Rename selected signatures from an existing set of signatures.

Usage

renameSignature(sigmatrix,selectSig,renameSig)

**Arguments **

  • sigmatrix: An object of class mutsig describing the existing set of signatures.
  • selectSig: A vector containing name(s) of the signature(s) to be removed.
  • renameSig: A vector containing updated name(s) of the signatures.

Details

Renaming of selected mutation signatures to an existing signature set, upon which the updated signature set is returned.

Value

An object of mutsig class.

Examples

> renamedSigMatrix=renameSignature(sigmatrix=signatures.cosmic, selectSig=sig=c(2,5), 
> renameSig=resig=c('two', 'five')) # rename signatures 2 and 5.

3.7 mergeSignature

Description

This function creates a new mutational signature by taking a linear combination of k other signatures s11, s12,...,skn in a matrix of mutational signatures. In order to use this function, a weight vector w1, w2,...,wk must be specified. The new mutational signature is created by multiplying the component signature values by the corresponding weights in the weight vector. The formula for the entries of the new signature is s11w1+s21w2+...+sk1wk, s12w1+s22w2+...+sk2wk,...,s1nw1+s2nw2+...+sknwk. The function returns this new signature plus all of the signatures in the original dataset that were not merged into the new matrix of signatures.

Usage

mergeSignature(sigmatrix,sig,weights)

**Arguments **

  • sigmatrix: A mutsig object of mutational signatures.
  • sig: A vector that describes the signatures to be merged
  • weights: A vector that describes the relative weights of each of the component signatures in the merged mutational signature.

Value

A new matrix of signatures consisting of the signatures in the original matrix of mutational signatures that were not merged as well as the mutational signature that is a result of merging the input signatures. For example, if there were 10 signatures in the original signature matrix and signatures 1-6 were set to be merged, then the output value would be a matrix of 5 signatures(signature 7,8,9,10 and the result of merging signatures 1-6).

Examples

> weights=rep(1/27,27)      
> mergeSignature(signatures.cosmic,1:27,weights)
> # another example
> weights=rep(1/6,6)  
> mergeSignature(signatures.cosmic,1:6,weights)   

3.8 clusterSignature

Performs a hierarchical clustering analysis of an input mutational signature matrix using the Euclidean distance metric.

Usage

clusterSignature(sigmatrix)

**Arguments **

  • sigmatrix: An input matrix of mutational signatures.

Value

A hierarchical clustering object formed from the input matrix of mutational signatures. This can then be plotted to show how the mutational signatures in the input matrix are related to one another.

Examples

> hclust_obj=clusterSignature(sigmatrix=signatures.cosmic) 

3.9 signatureHeatmap

Description

Construct a heatmap showing relative weights of tri-nucleotide motif for different mutation signatures.

Usage

signatureHeatmap(sigmat, pngfile='signatures_heatmap' )

**Arguments **

  • sigmat: An object of class mutsig describing the existing set of signatures.
  • pngfile: The name of png formatted image file to be created.

Details

Create a heatmap to show relative weights of trinucleotide motifs for different mutation signatures in a signature-set.

Value

A png formatted image file.

Examples

> sigmat=signatures.cosmic
> signatureHeatmap(sigmat, pngfile='signatures_heatmap')

3.10 signaturePCA

Description

Constructs three PCA plots showing variations among the signatures in terms of the weights of the principal components for different mutation signatures, as well as the eigenvalues and cosine similarity among expected and actual signatures.

Usage

signaturePCA(sigmat, pngfile )

**Arguments **

  • sigmat: An object of class mutsig describing a set of signatures.
  • pngfile: Name of png formatted image file to be created.

Value

Create three PCA plots with the following extensions to show difference among mutational signatures.

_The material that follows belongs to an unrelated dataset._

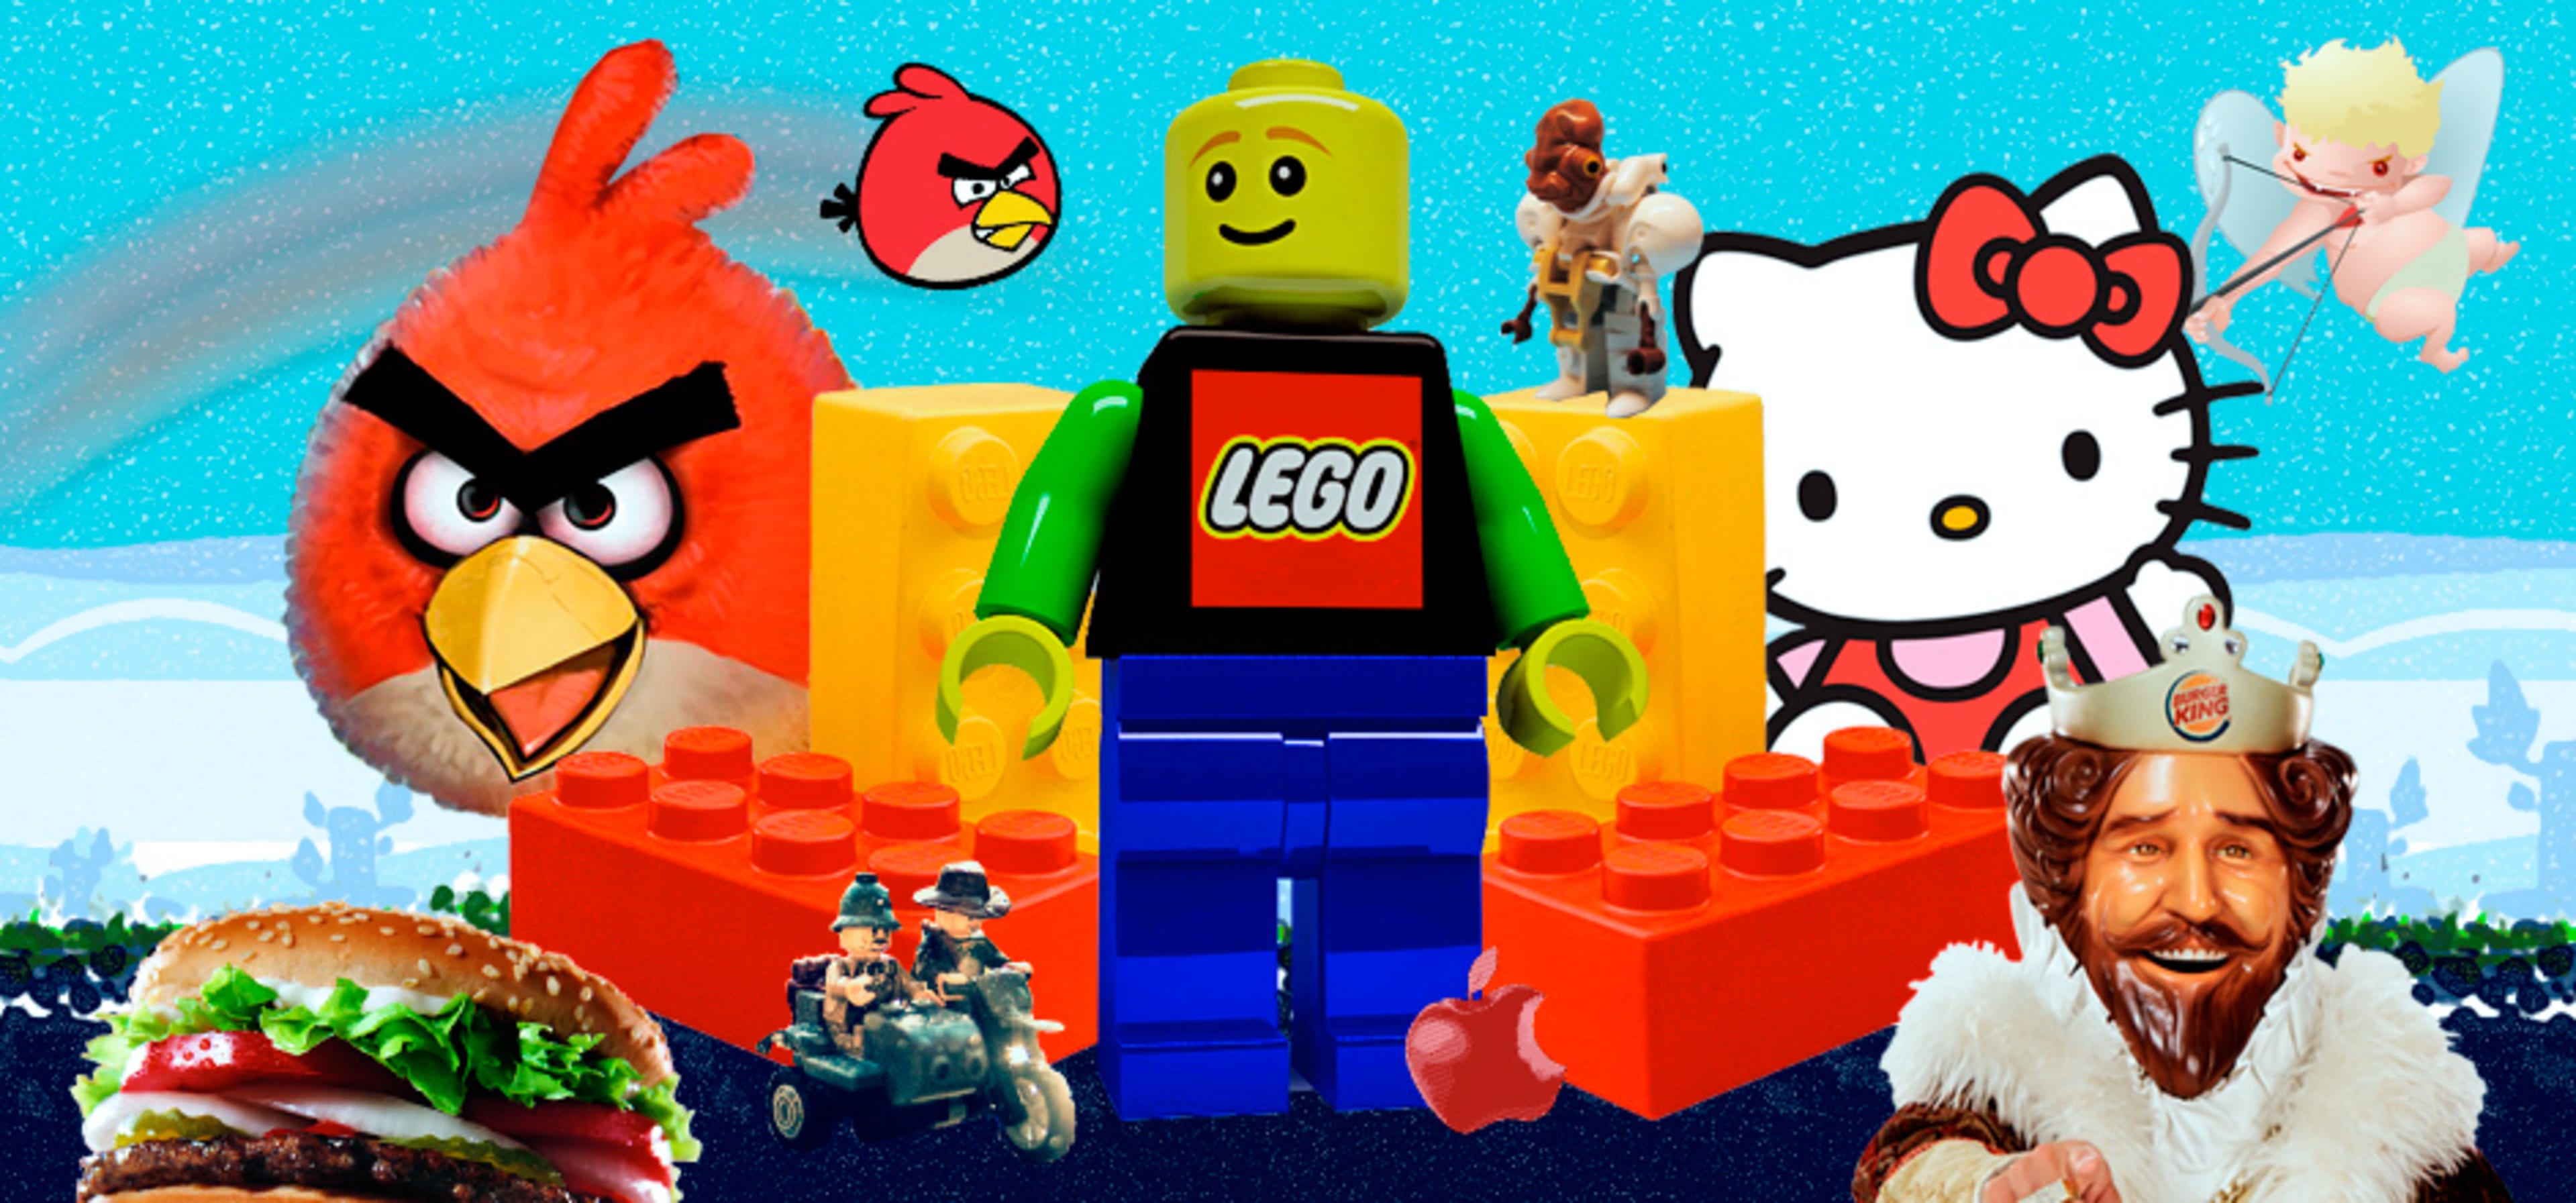 iPhone-Addicted Lego Lover Seeks Same For Fun, Romance, Brand Worship

  • *_Eigen.png : The eigenvalues of the PCA and the relative amount of the variation each eigenvalue.
  • *_var.png : The different single-nucleotide alteration components in terms of the two dimensions.
  • *_PCA.png : The different signatures in terms of the 2 non-dimensional vectors derived by the PCA analysis and the cosine similarity between the estimate of each mutation signature using PCA and the actual mutation signature(in order to determine how accurately the 2 dimensions calculated by PCA represent the mutational signatures).

Examples

> sigmat=signatures.cosmic
> signaturePCA(sigmat, pngfile="signaturePCA")

3.11 signature_tSNE

Description

Constructs tSNE plot of mutation signatures.

Usage

signature_tSNE(sigmat, pngfile )

**Arguments **

  • sigmat: An object of class mutsig describing a set of signatures.
  • pngfile: Name of png formatted image file to be created.

Value

Create tSNE plot to show similarity among mutational signatures.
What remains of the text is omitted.